» **Source data**:
* * * * *
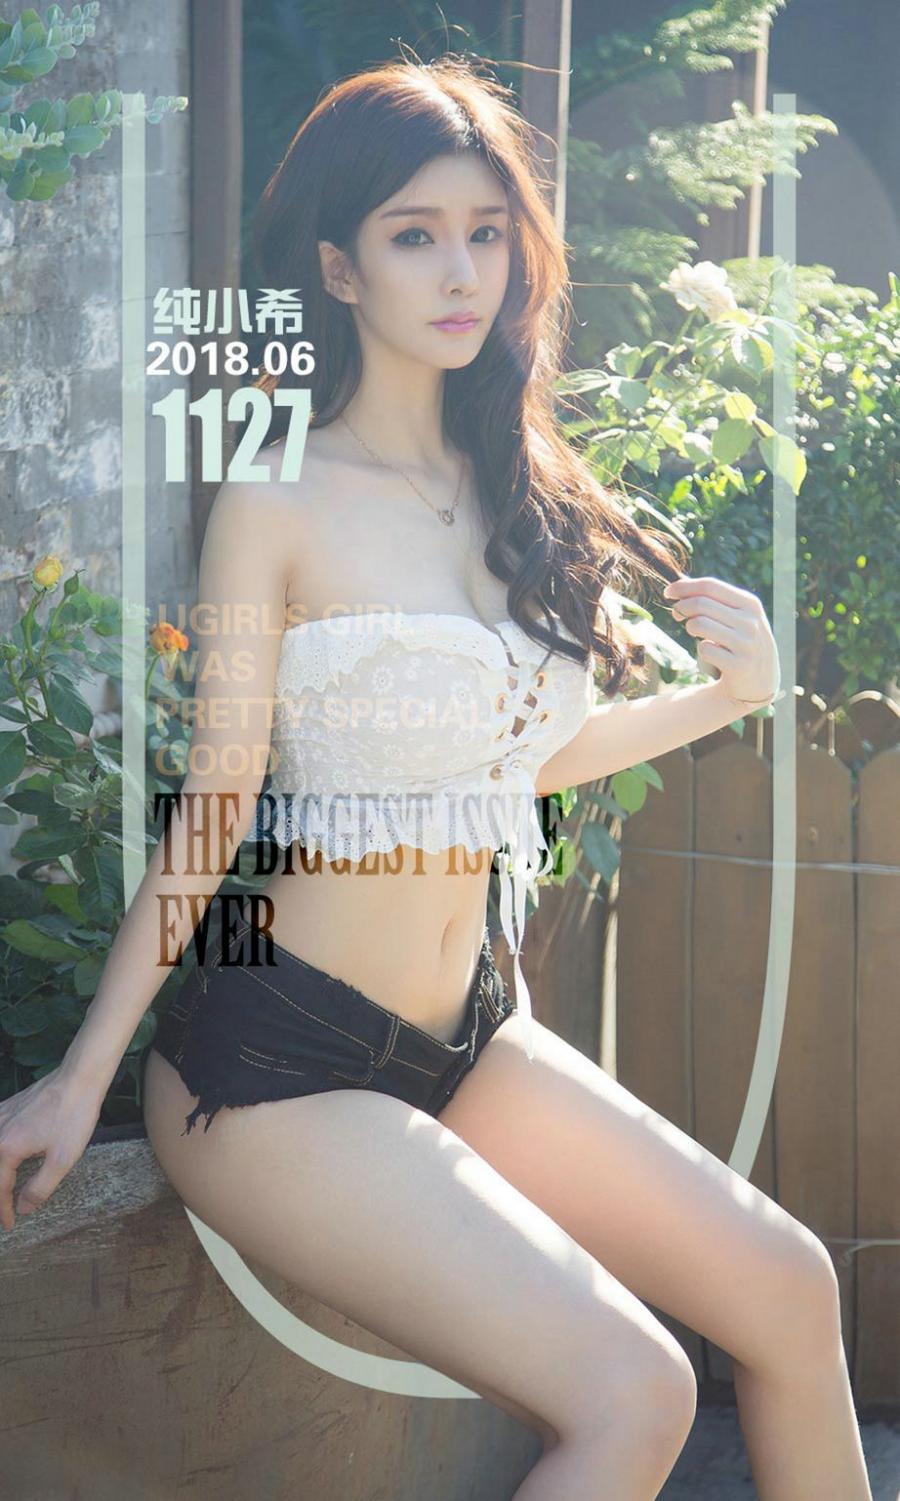 Ugirls App Vol. 1127 Chun Xiao Xi
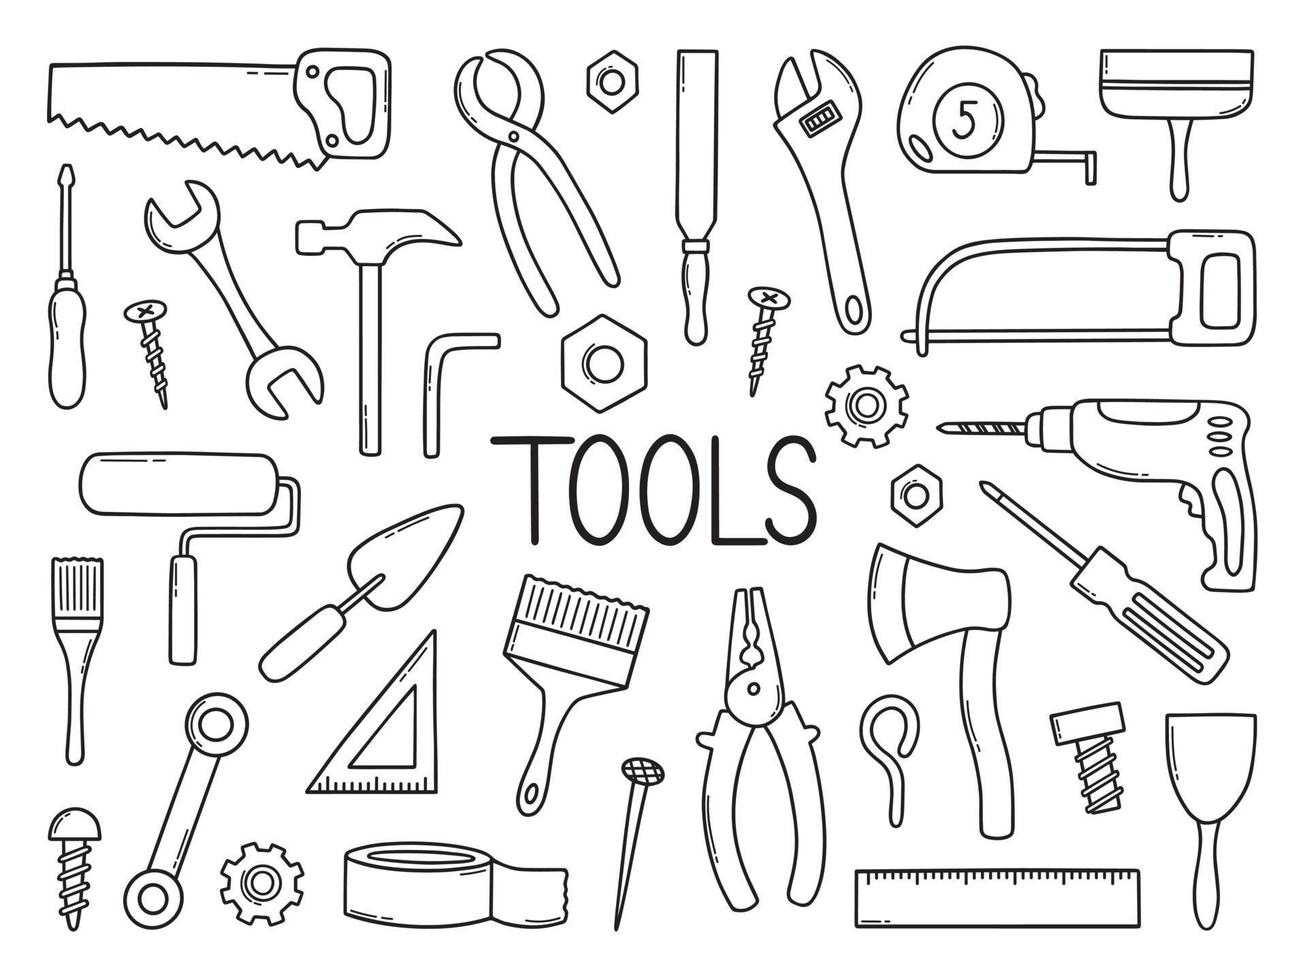 handritad uppsättning byggverktyg doodle olika arbets- och byggverktyg i skissstil. såg, hammare, skiftnyckel, skruv, borr. vektor illustration isolerad på vit bakgrund.
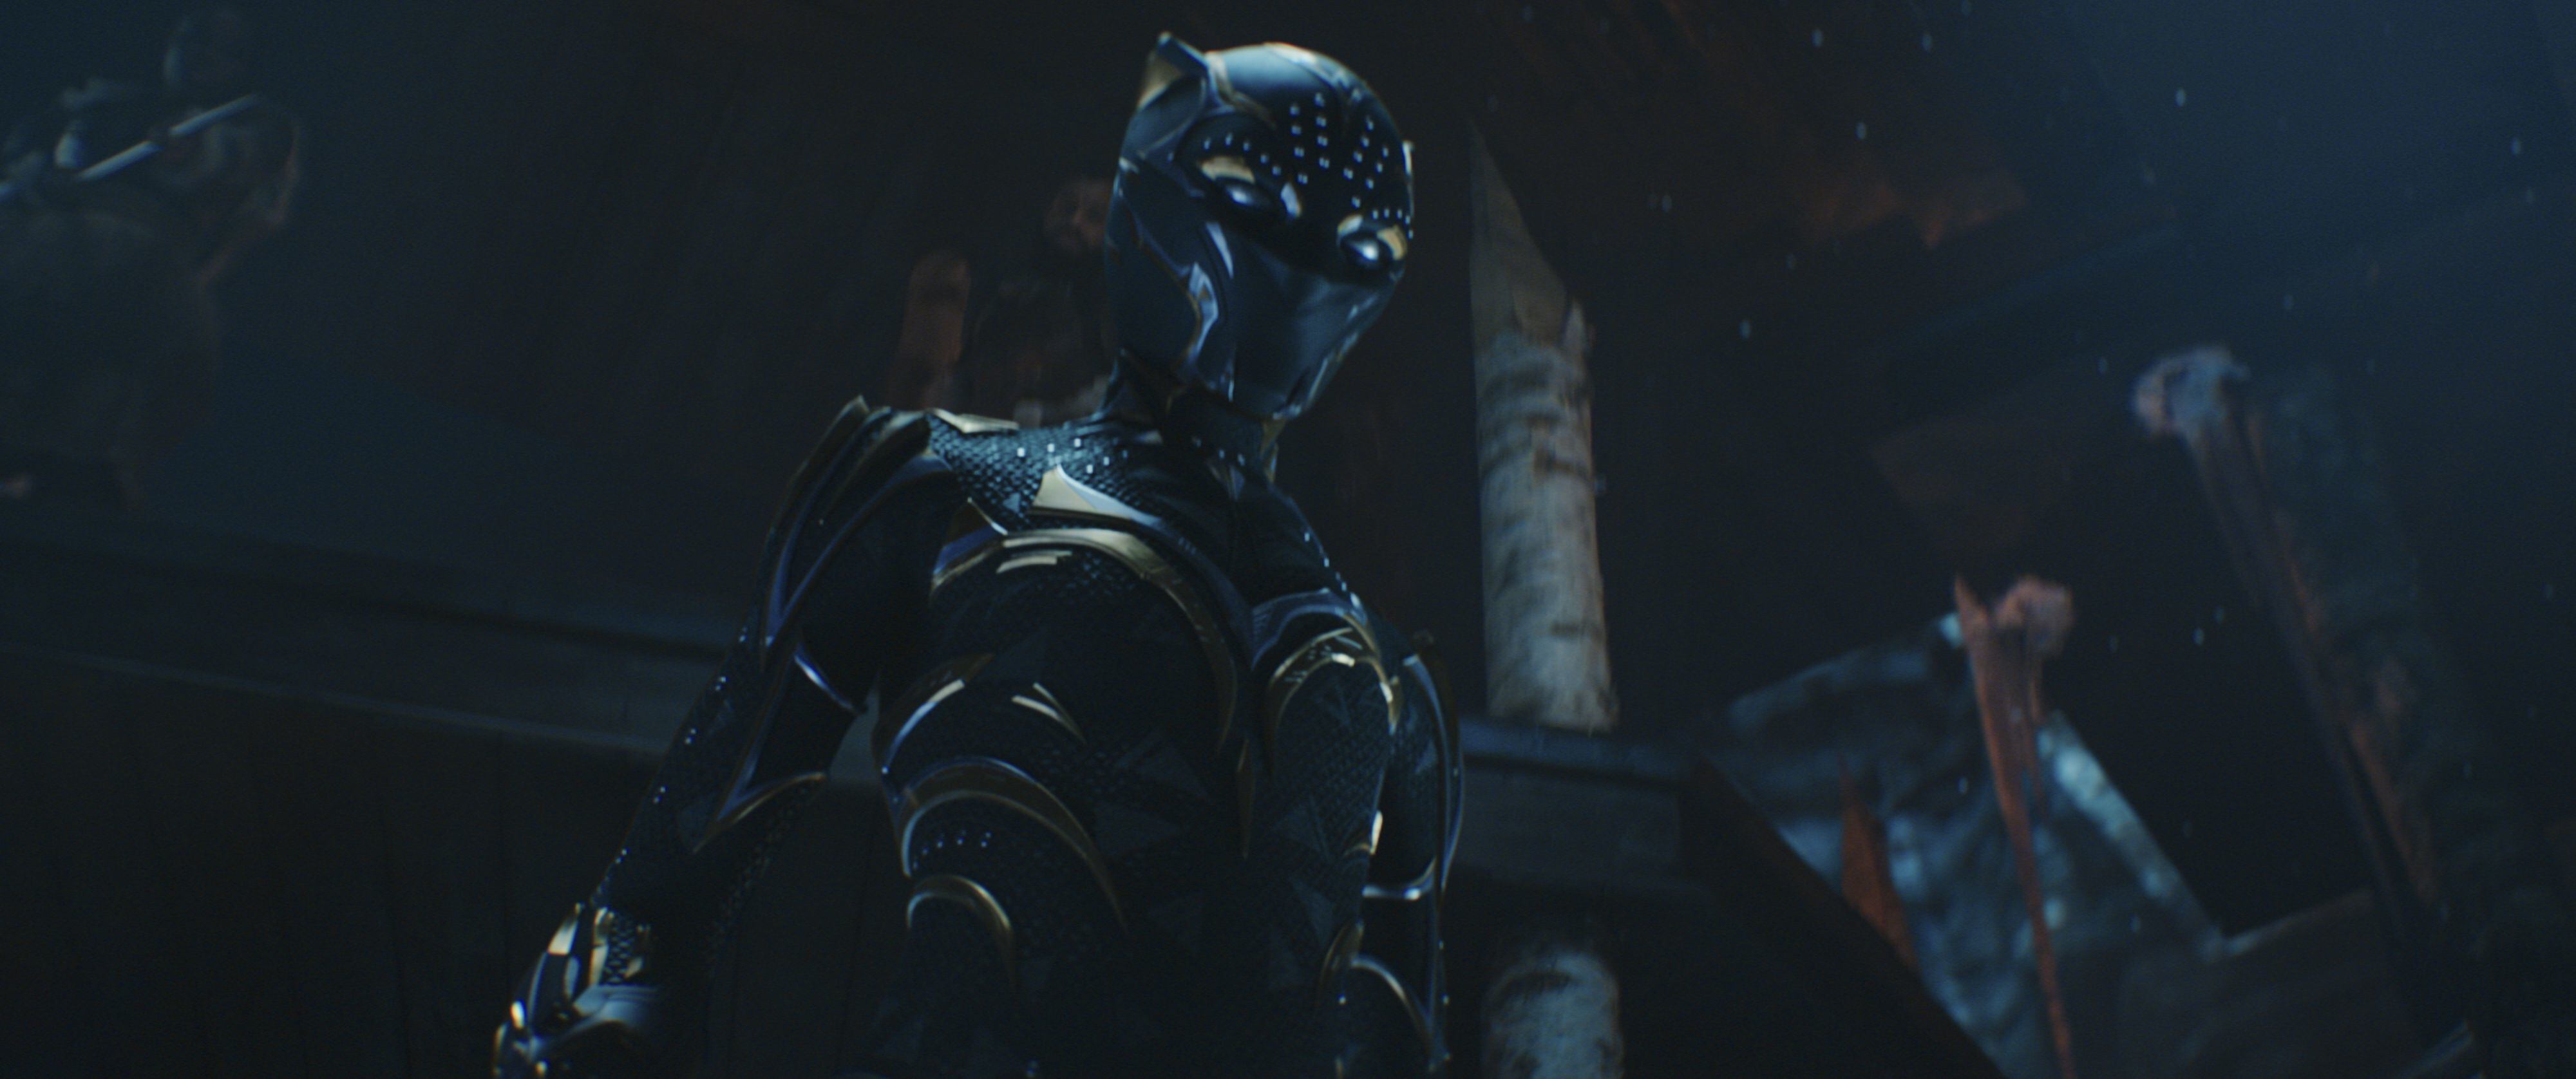 Ryan Coogler on Original Black Panther: Wakanda Forever Plans
* * * * *
» **Work instructions**: Leave out the pictures and give the listing above again exactly.

» **Reply**:
 Ugirls App Vol. 1127 Chun Xiao Xi
 handritad uppsättning byggverktyg doodle olika arbets- och byggverktyg i skissstil. såg, hammare, skiftnyckel, skruv, borr. vektor illustration isolerad på vit bakgrund.
 Ryan Coogler on Original Black Panther: Wakanda Forever Plans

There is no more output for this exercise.